I had the same problem but on top use an RESTFUL webservice
for this and have an complex data object which i must post.
My solution:
like the jQuery Plugin i build a temp formular and submit it. But i send the data object as an parameter with json content (i use here AngularJS
but it should work with jQuery.param()
too.)
Javascript:
$('<form target="_blank" action="' + appConstants.restbaseurl + '/print/pdf" method="POST">' +
"<input name='data' value='" + angular.toJson($scope.versicherung) + "' />" +
'</form>').appendTo('body').submit().remove();
on the server side we use a CXF REST Service
with an JACKSON
Provider:
Spring Config:
<jaxrs:server id="masterdataService" address="/">
<jaxrs:serviceBeans>
<ref bean="printRestServiceBean" />
</jaxrs:serviceBeans>
<jaxrs:providers>
<bean class="org.codehaus.jackson.jaxrs.JacksonJsonProvider" />
<bean class="de.controller.ExceptionHandler" />
</jaxrs:providers>
</jaxrs:server>
in the controller i extracted the param and converted it back to an Java Pojo:
package de.controller;
import javax.ws.rs.Consumes;
import javax.ws.rs.FormParam;
import javax.ws.rs.POST;
import javax.ws.rs.Path;
import javax.ws.rs.Produces;
import javax.ws.rs.core.MediaType;
import javax.ws.rs.core.Response;
import org.codehaus.jackson.map.ObjectMapper;
import org.springframework.beans.factory.annotation.Autowired;
@Path(Constants.PRINT_PATH)
@Consumes({ MediaType.APPLICATION_JSON, "application/x-www-form-urlencoded"})
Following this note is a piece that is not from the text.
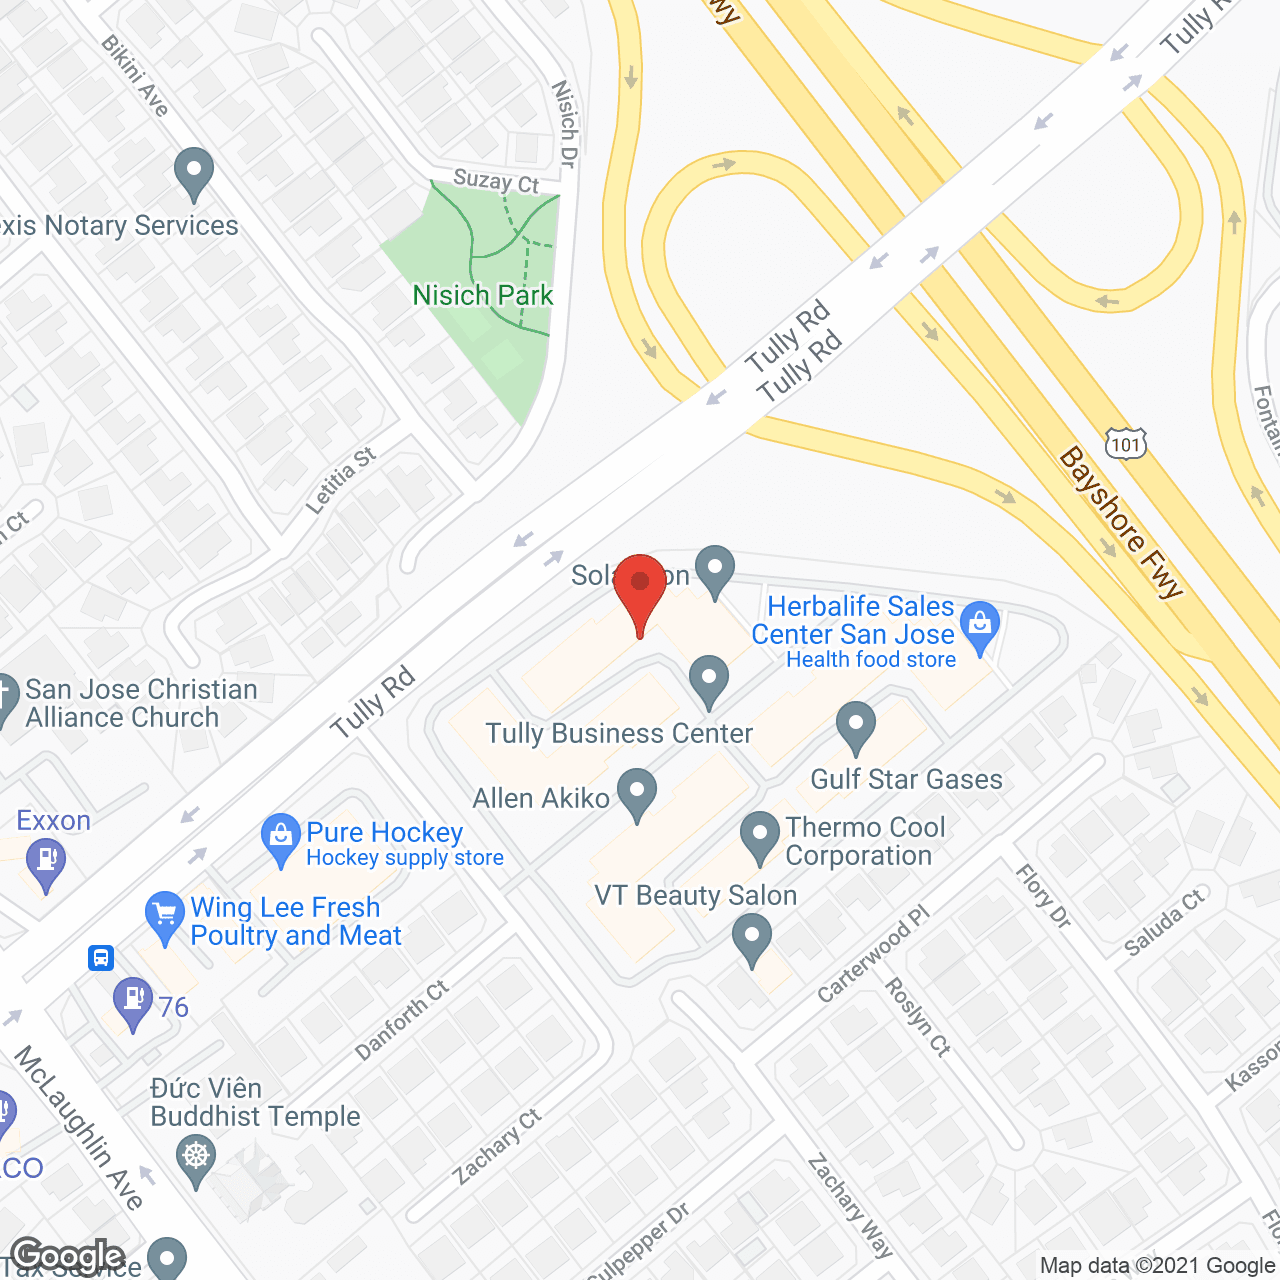 Bay Home Health Svc in google map

@Produces("application/pdf; charset=UTF-8")
public class PrintRestController {
@Autowired
private PrintService printService;
@POST
@Produces("application/pdf")
@Path("/pdf")
public Response getPDF(@FormParam("data") String data) {
return printService.getPDF(json2Versicherung(data));
}
private Versicherung json2Versicherung(String data) {
Versicherung lVersicherung = null;
try {
ObjectMapper mapper = new ObjectMapper();
lVersicherung = mapper.readValue(data, Versicherung.class);
} catch(Exception e) {
LOGGER.error("PrintRestController.json2Versicherung() error", e);
}
return lVersicherung;
}
}
in the PrintService i build the pdf binary and the response:
@Override
public Response getPDF(Versicherung pVersicherung) {
byte[] result = ... //build the pdf from what ever
ResponseBuilder response = Response.ok((Object) result);
response.header("Content-Disposition", "inline; filename=mypdf.pdf");
return response.build();
}
This solution works for all browsers (even for IE9 which can't handle data url's) and on tablets and smartphone and it have no problems with popupblockers
I fail to understand why you want an ajax request to a file download url! But if it's more like client itself generates some content for download - use a data uri. Works perfectly for Chrome and Firefox 20+. Safari and IE NOT! If Flash is allowed, you could use downloadifier.
Ah after reading your code, I see you want to send a bunch of parameters. Well unless the query string gets too long (IE8- has a limit of 2083) why not simply use an anchor with proper url?
$('a.export-csv').click( function (evt){
linkEl.attr('href','/export?' + encodeURIComponent(formQueryString()));
return true;
});
The above allows you to change the URL before the default event (the click) happens.